- Directed by: Darren Doane
- Produced by: David Hagopian Gary DeMar Josh Karchmer
- Starring: Christopher Hitchens Douglas Wilson
- Distributed by: LEVEL4
- Release date: October 27, 2009;
- Running time: 90 minutes
- Country: United States
- Language: English

= Collision (2009 film) =

Collision is an American documentary film by Darren Doane released on October 27, 2009. It features a debate between prominent antitheist Christopher Hitchens and Douglas Wilson, a pastor of Christ Church, a CREC church located in Moscow, Idaho. Described by Hitchens as a "buddy-and-road" movie, it provides an overview of several days' worth of debates following the release of their book Is Christianity Good for the World? The book was generated by correspondence published in the magazine Christianity Today.

==Production==
The partnership between Hitchens and Wilson began in 2007, when Hitchens invited anyone to debate his viewpoints, following the release of his book God is not Great. Wilson's agent heard the offer and put him in touch with Hitchens, leading to a series of written debates published in Christianity Today, which eventually were compiled into the book Is Christianity Good for the World?. Filmmaker Darren Doane heard about the exchanges between the two and sought them out to make a film. The film was featured on CNN, Fox News; NPR; The Laura Ingraham Show and others.

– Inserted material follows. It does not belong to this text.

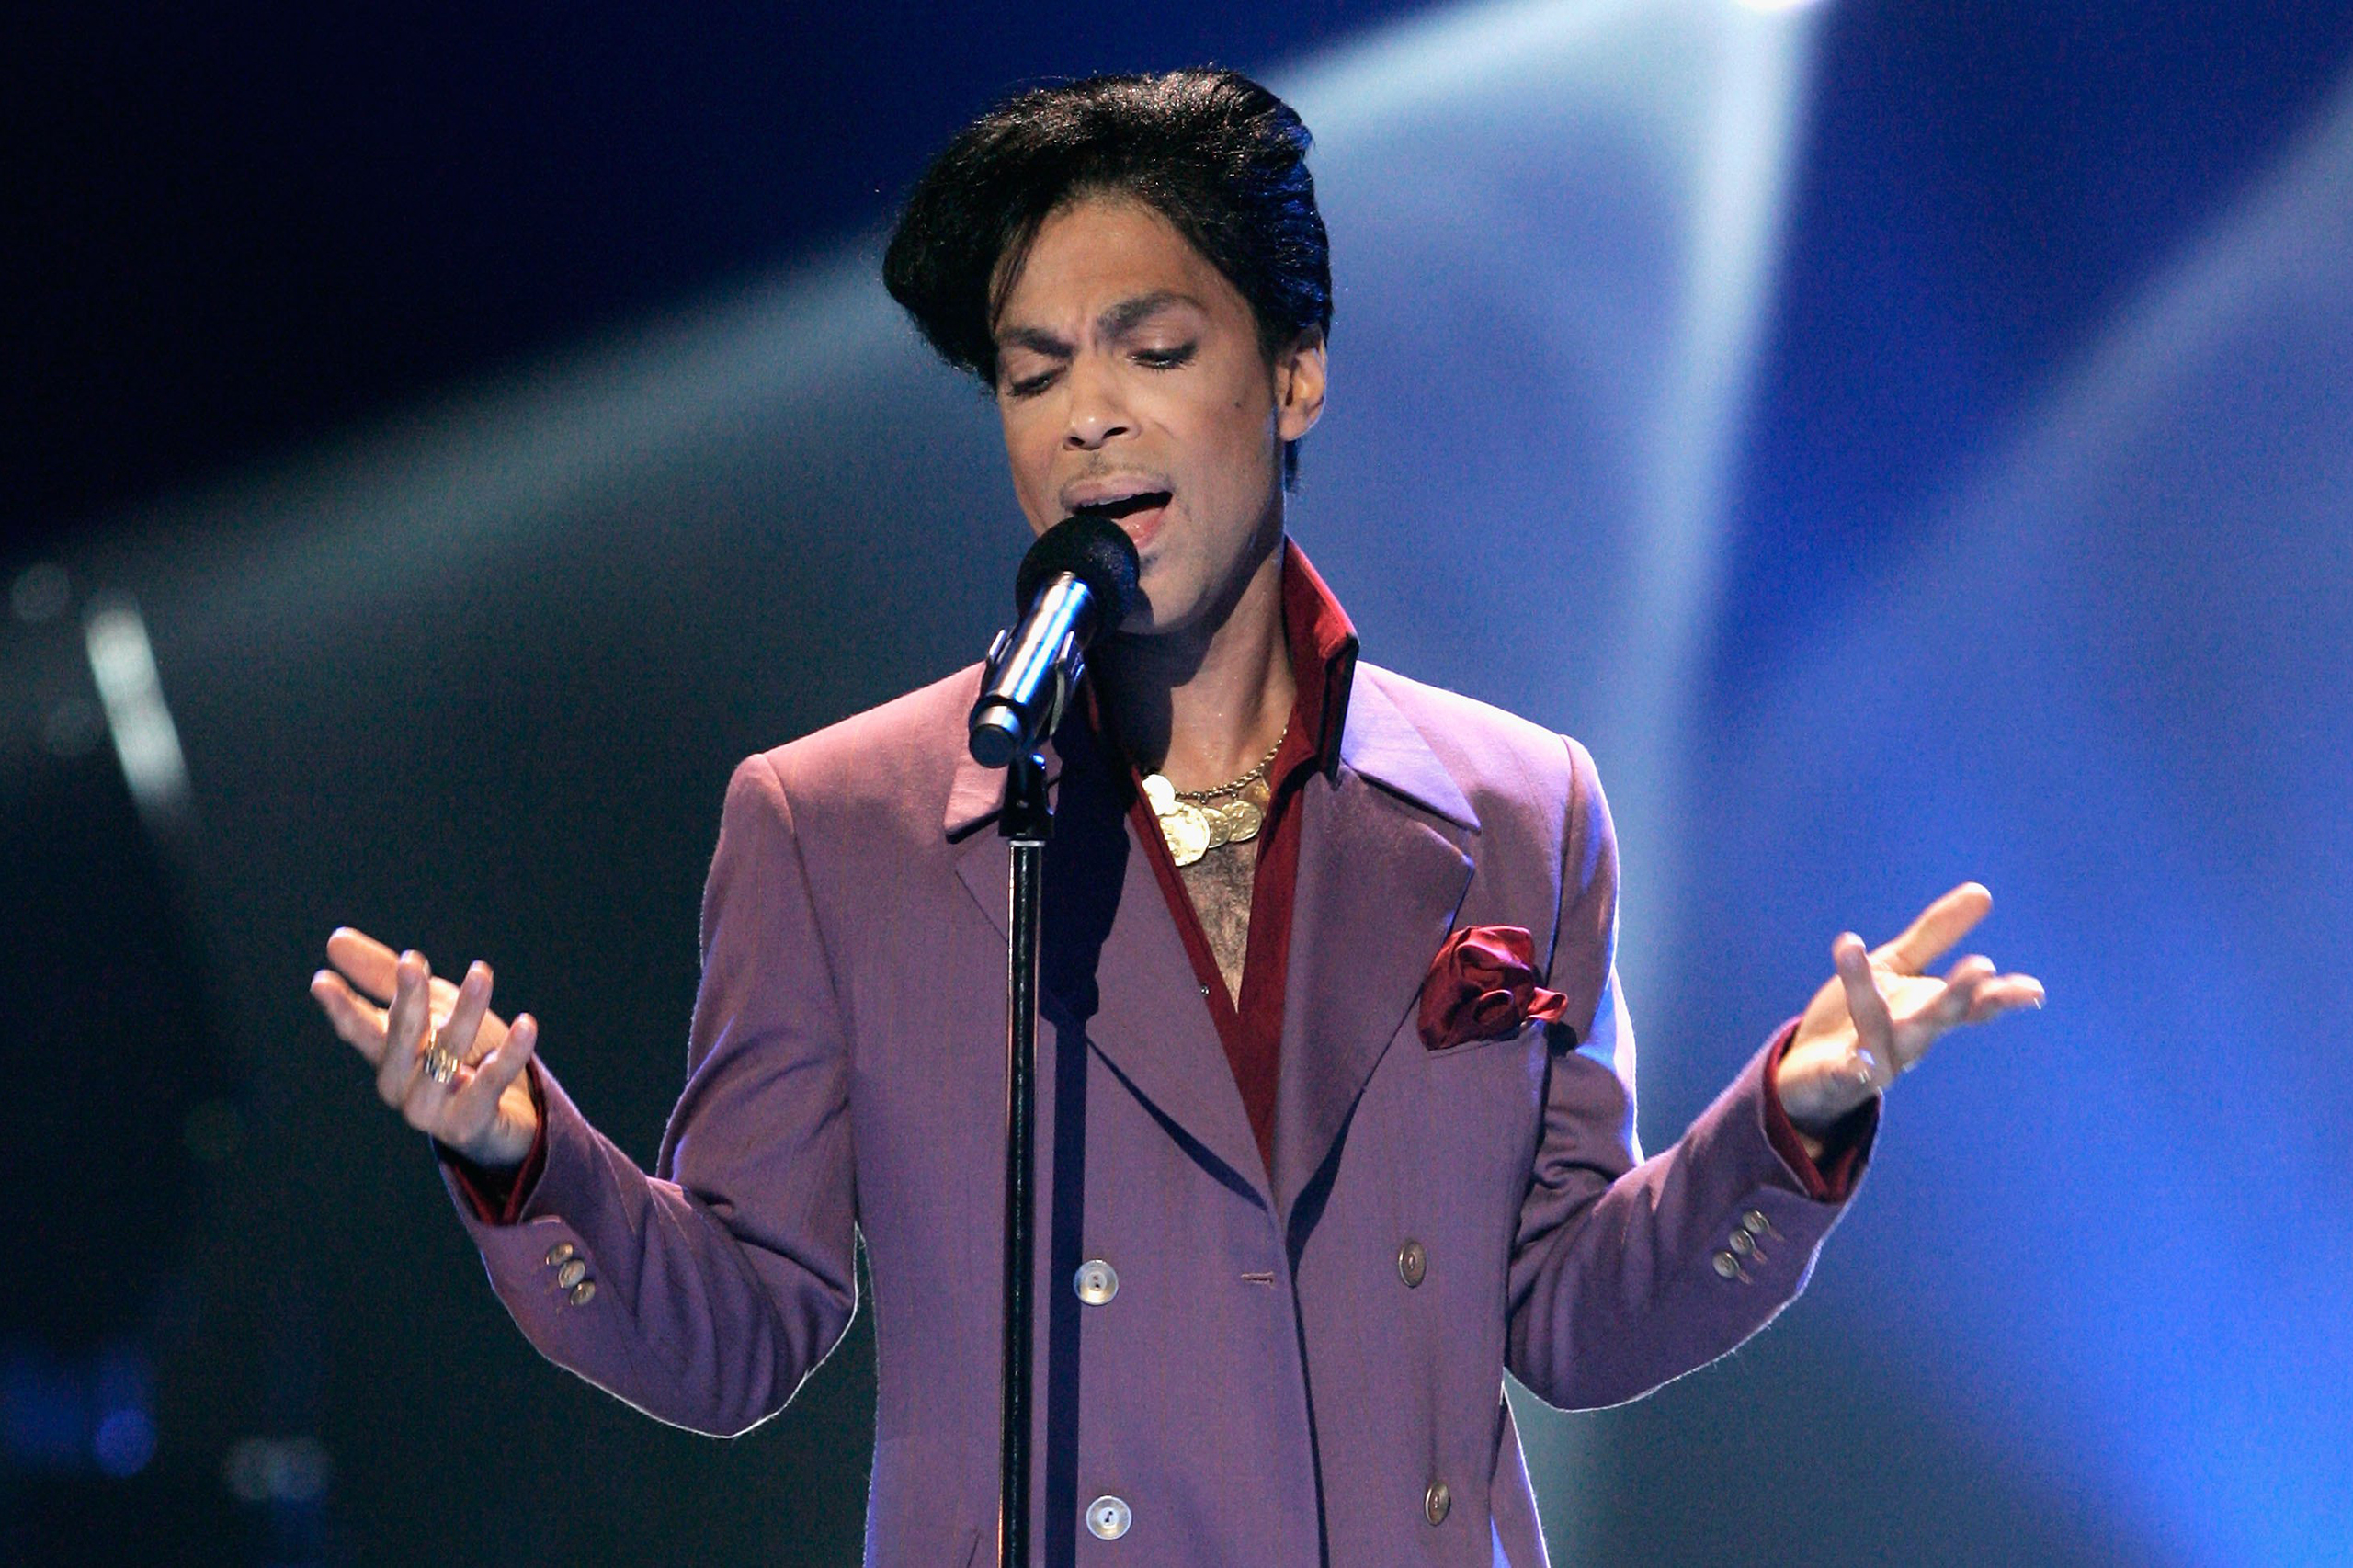 Prince performs onstage during the American Idol Season 5 Finale at the Kodak Theatre in Hollywood, California, on on May 24, 2006. (Vince Bucci—Getty Images)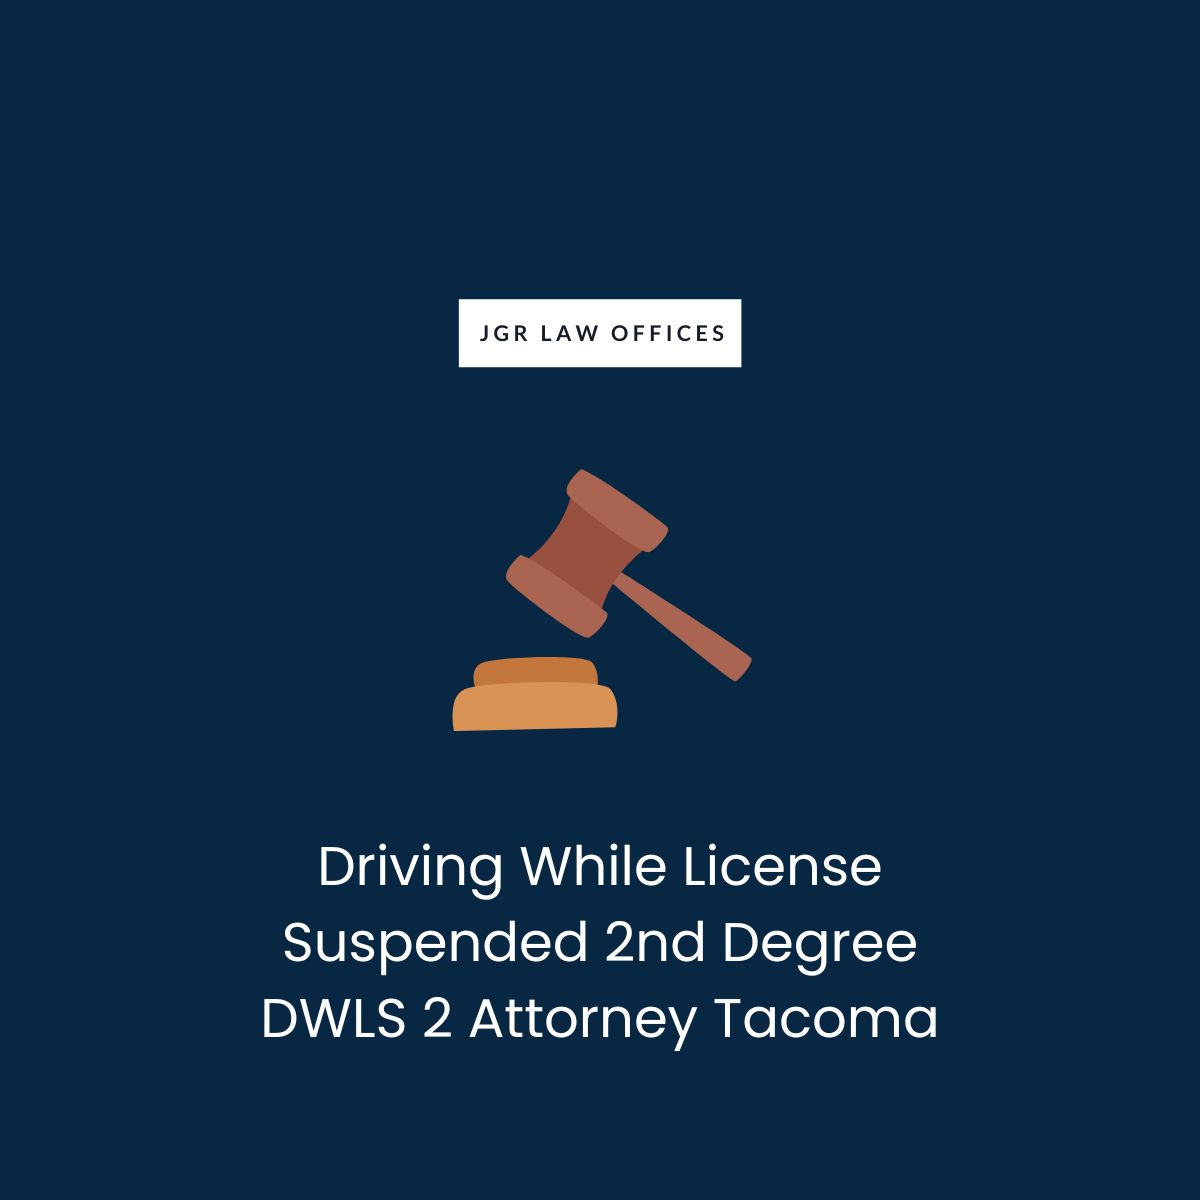 Driving While License Suspended 2nd Degree DWLS 2 Attorney Tacoma

After the men finally met in person while shooting the film, both got along well, despite their heated exchanges, in part because of a shared appreciation for P. G. Wodehouse.

==Reception==
Hitchens said in Slate magazine, "I haven't yet run into an argument that has made me want to change my mind... However, I have discovered that the so-called Christian right is much less monolithic, and very much more polite and hospitable, than I would once have thought, or than most liberals believe."

Wilson argued that atheists could be good people, could share Christian values and Christians could repudiate many things atheists also repudiated. He also argued that atheists could not argue for an objective moral standard but could affirm a standard, if it happened to exist, that of "eat, drink and be merry for tomorrow maybe we die", but no other.